Читаем без скачивания Любимчик Эпохи - Катя Качур
Шрифт:
Интервал:
Закладка:
— Красиво рассказал. И чо? — подбодрила его Эпоха.
— Ну, мы с пацанами подбегали к ним, присаживались и молниеносно спускали гольфы до туфелек. Самым шустрым удавалось еще посмотреть снизу вверх на трусики под формой. Кто больше сдирал гольфиков, тот и победил, — заключил Саня.
— А девчонки? — спросила Эпоха.
— Они визжали и называли нас идиотами.
— Были правы. А ты, Старшуля, во что любил играть? — Эпоха не унималась.
— Я был нападающим в футбольном клубе.
— Это скучно. Давай что-нибудь порочное.
— Была одна дурацкая игра у нас во дворе, — я задумался, вспоминая подробности, — когда в нашем городе сгорела психбольница, нам было лет по десять, и мы придумали развлекалово под названием «пожар в дурке». Собиралась в кучу толпа девчонок и пацанов, ведущий кричал: «Пожаааар!» Каждый из нас по очереди становился перед толпой и начинал изображать горящего сумасшедшего, который бежит от огня. Выигрывал тот, кто был самым смешным. Помню, у нас животы лопались от хохота. Особенно ржали над Илюшей, он кривлялся, скрючивался, срывал с себя одежду, строил такие рожи, что мы лежали впополам. Он чаще всего и был победителем.
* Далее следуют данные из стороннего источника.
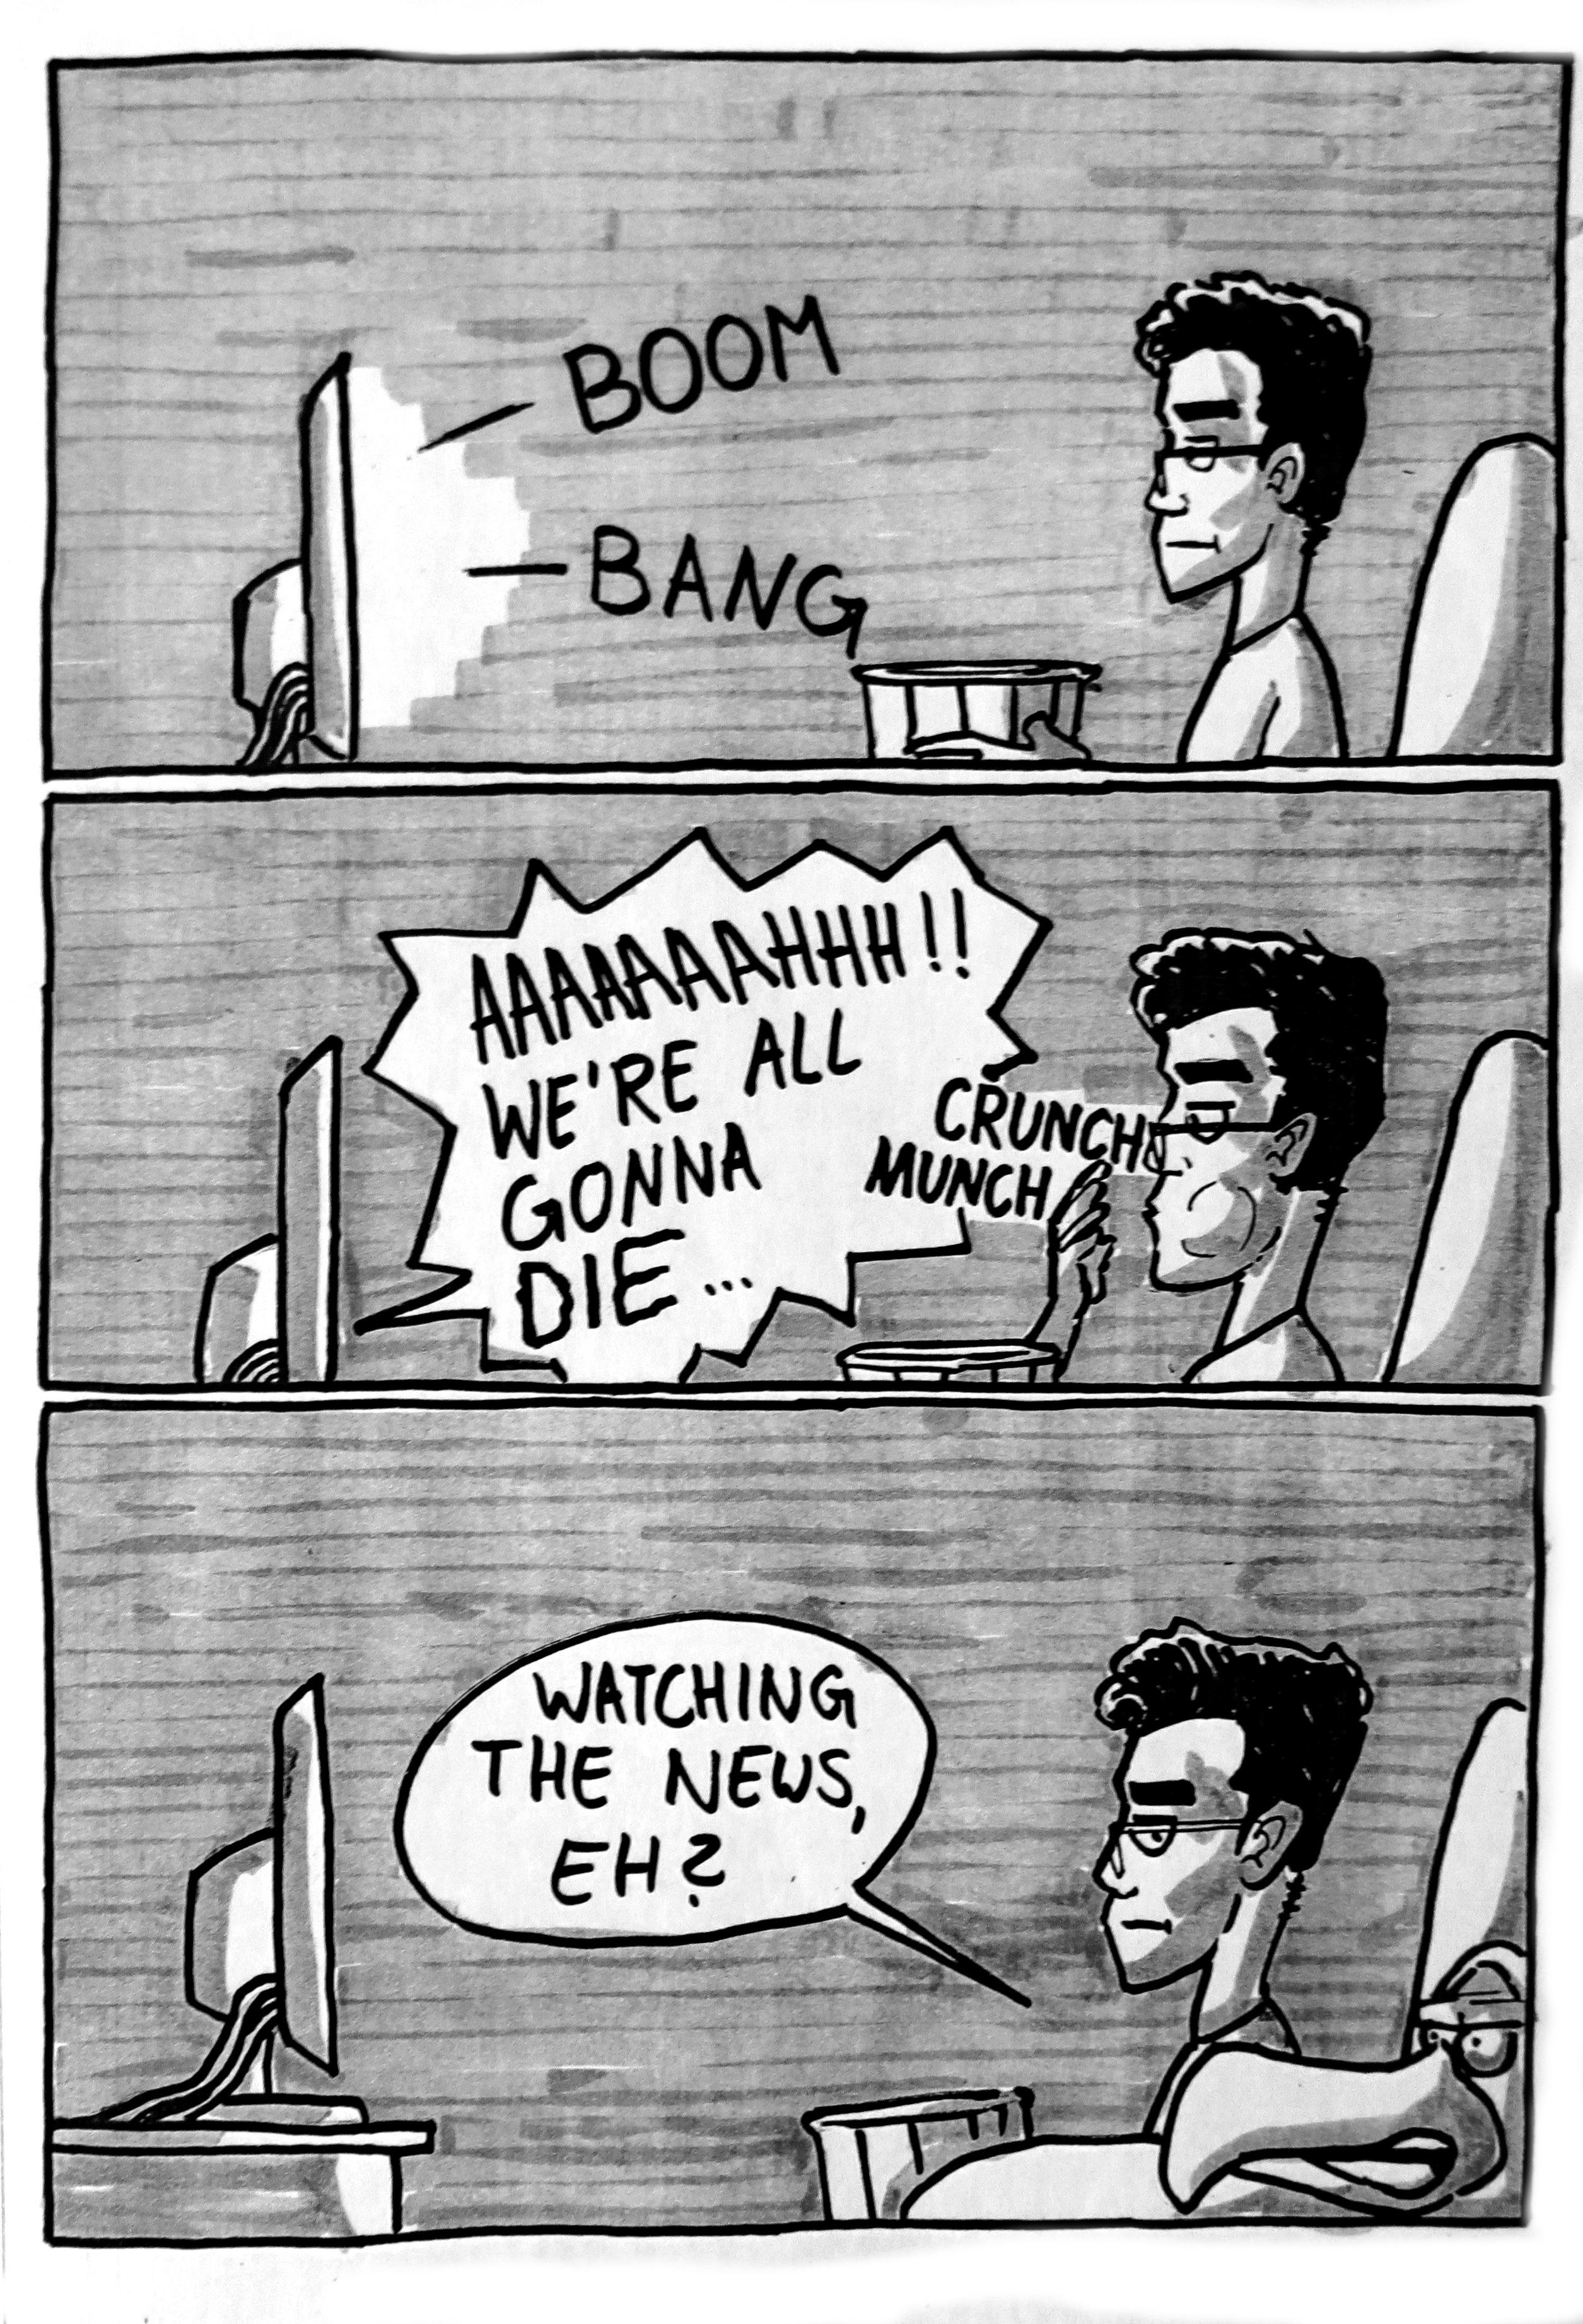 Regular news

— Дааа, — задумчиво протянула Эпоха. — Все так и бежали. Врачи, санитары, психи. В пижамах, голые, завернутые в простыни, одеяла. Спасались как могли. Прыгали с третьего этажа и разбивались насмерть. Пожарные приехали без лестниц, долго не могли наладить брандспойты. Пламя полыхало до небес.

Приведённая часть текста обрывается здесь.